This work investigates the spectral approximation of the ℓ-th order Kikuchi graph of a random 2r-uniform hypergraph to that of the complete hypergraph, with applications to the Max 2r-XOR problem. By introducing a novel analysis framework incorporating locality, the authors apply the matrix Bernstein inequality for the first time to the block structure of the Johnson scheme, establishing tight spectral approximation bounds.
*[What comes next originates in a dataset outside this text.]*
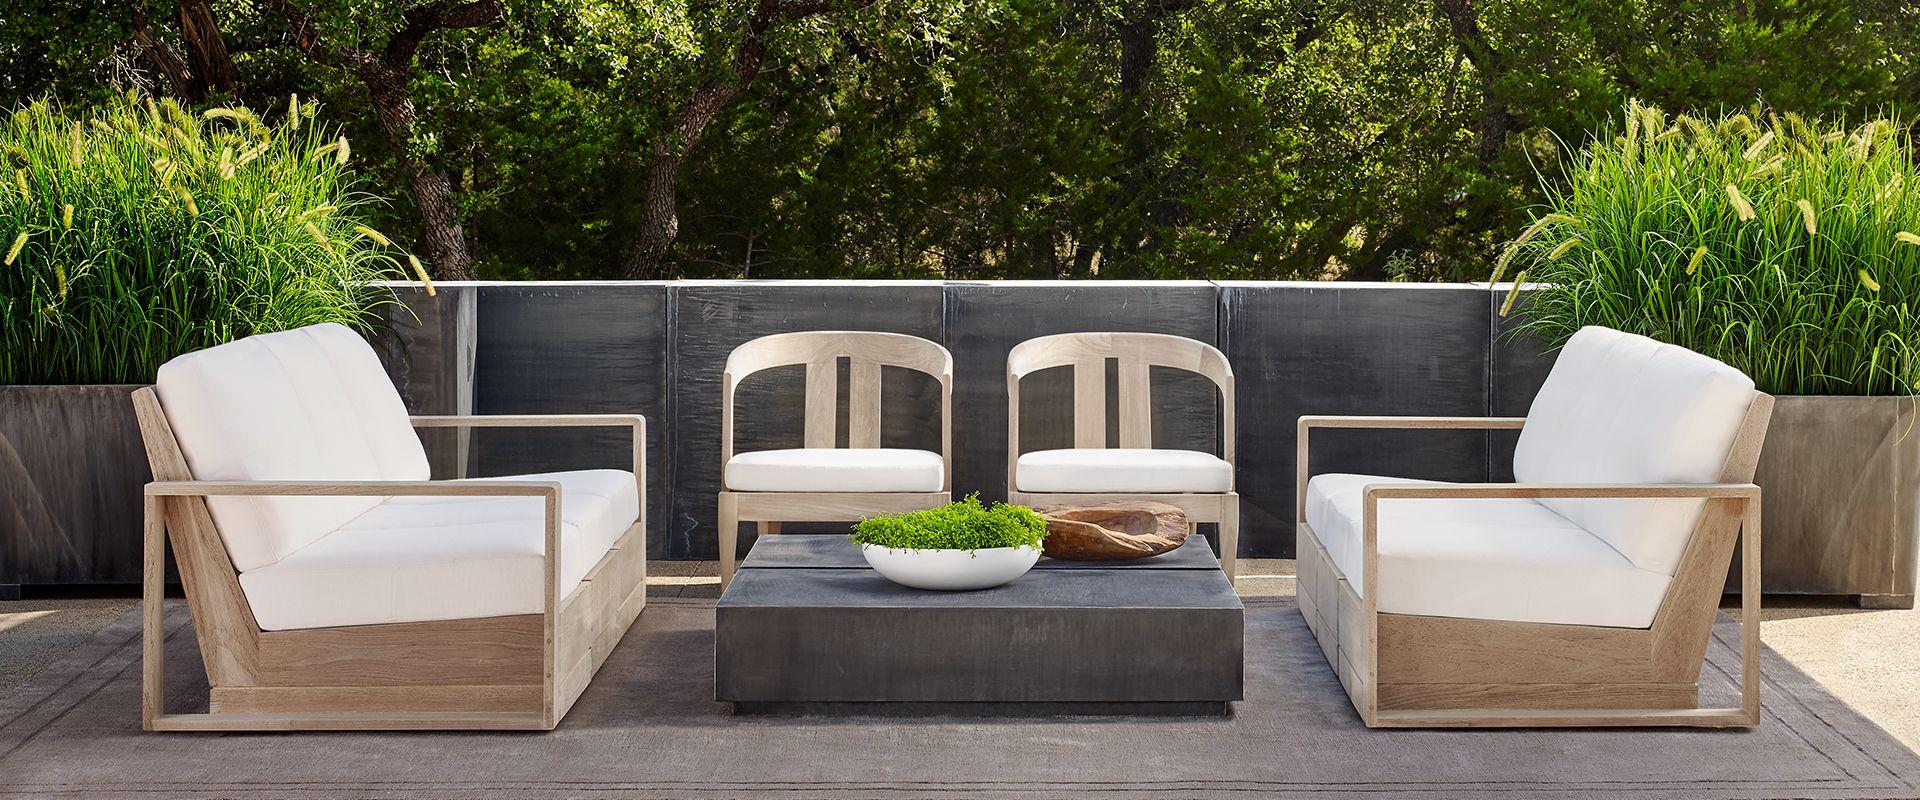 Wonderful Sutherland Furniture   Luxury Outdoor Furniture And Indoor Accessories

They prove that when the number of hyperedges is at least \( n \cdot (n/\ell)^{r-1} \cdot \log n \), the degree-2ℓ Sum-of-Squares (SoS) semidefinite relaxation is integral on noisy planted 2r-XOR instances, achieving an approximation bound that is optimal up to logarithmic factors.
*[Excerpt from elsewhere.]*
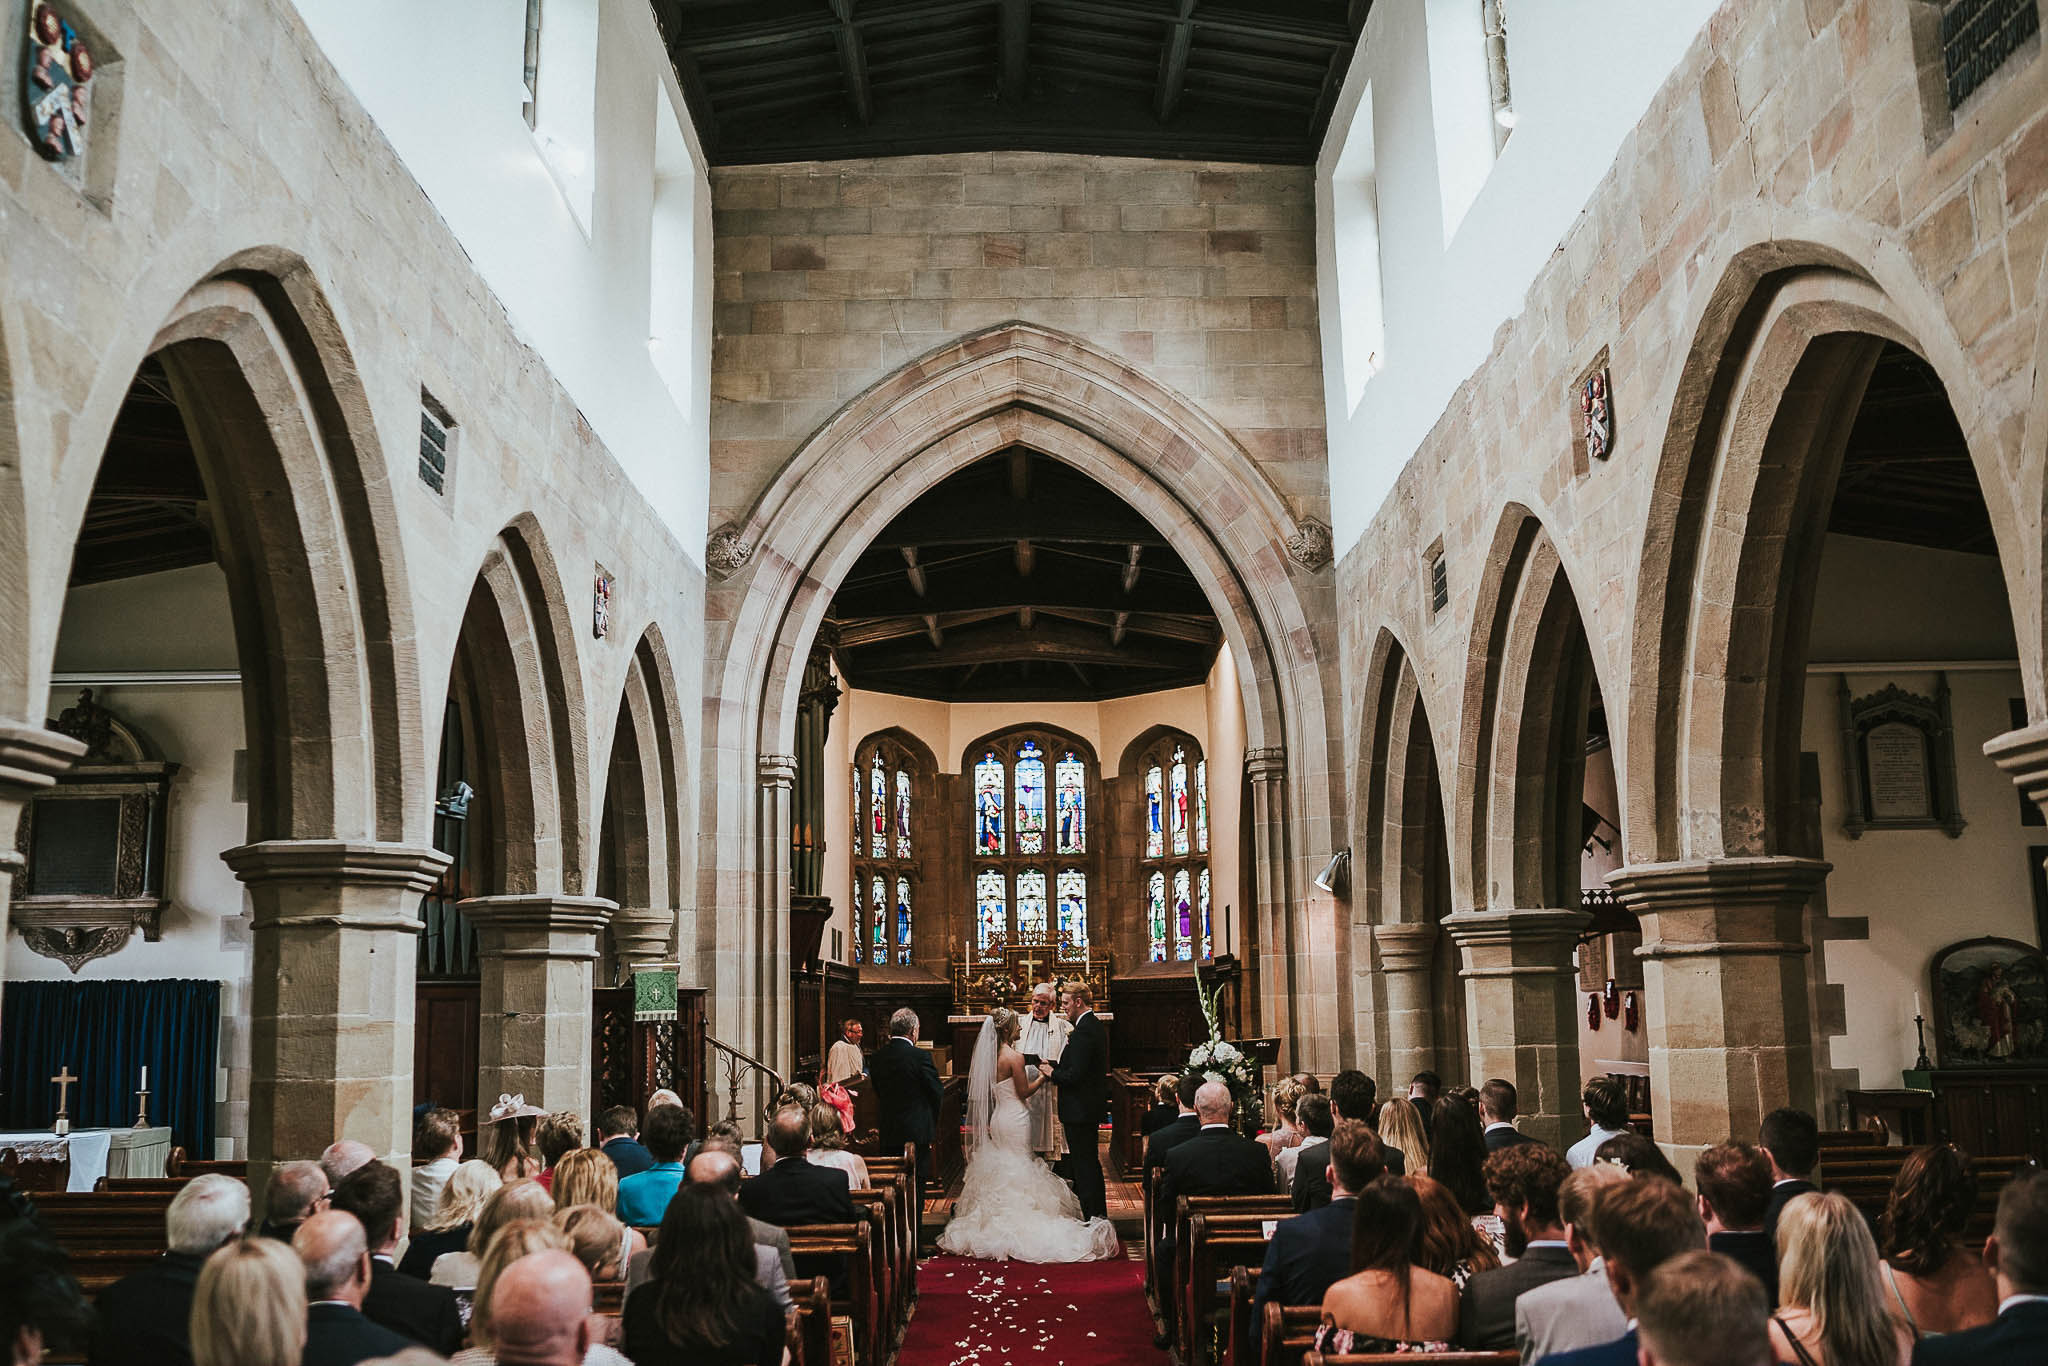 burton-on-trent-church-wedding

We prove that level-$\ell$ Kikuchi graphs of random $2r$-uniform hypergraphs spectrally approximate the Kikuchi graph of the complete $2r$-uniform hypergraph at a sampling rate that is sharp up to a logarithmic factor, in the regime $r\leq \ell \leq n/2$. Our proof is based on the matrix Bernstein inequality, but, unlike prior works, we apply it to an appropriate collection of blocks of Johnson eigenspaces. Our analysis relies on a new, simple band-locality property for arbitrary Kikuchi graphs. As an application, we prove that the natural degree-$2\ell$ sum-of-squares relaxation for the Max $2r$-XOR problem is ``integral'' when the input is a planted noisy $2r$-XOR instance on a random hypergraph with $\gtrsim n \cdot (n/\ell)^{r-1} \log n$ hyperedges.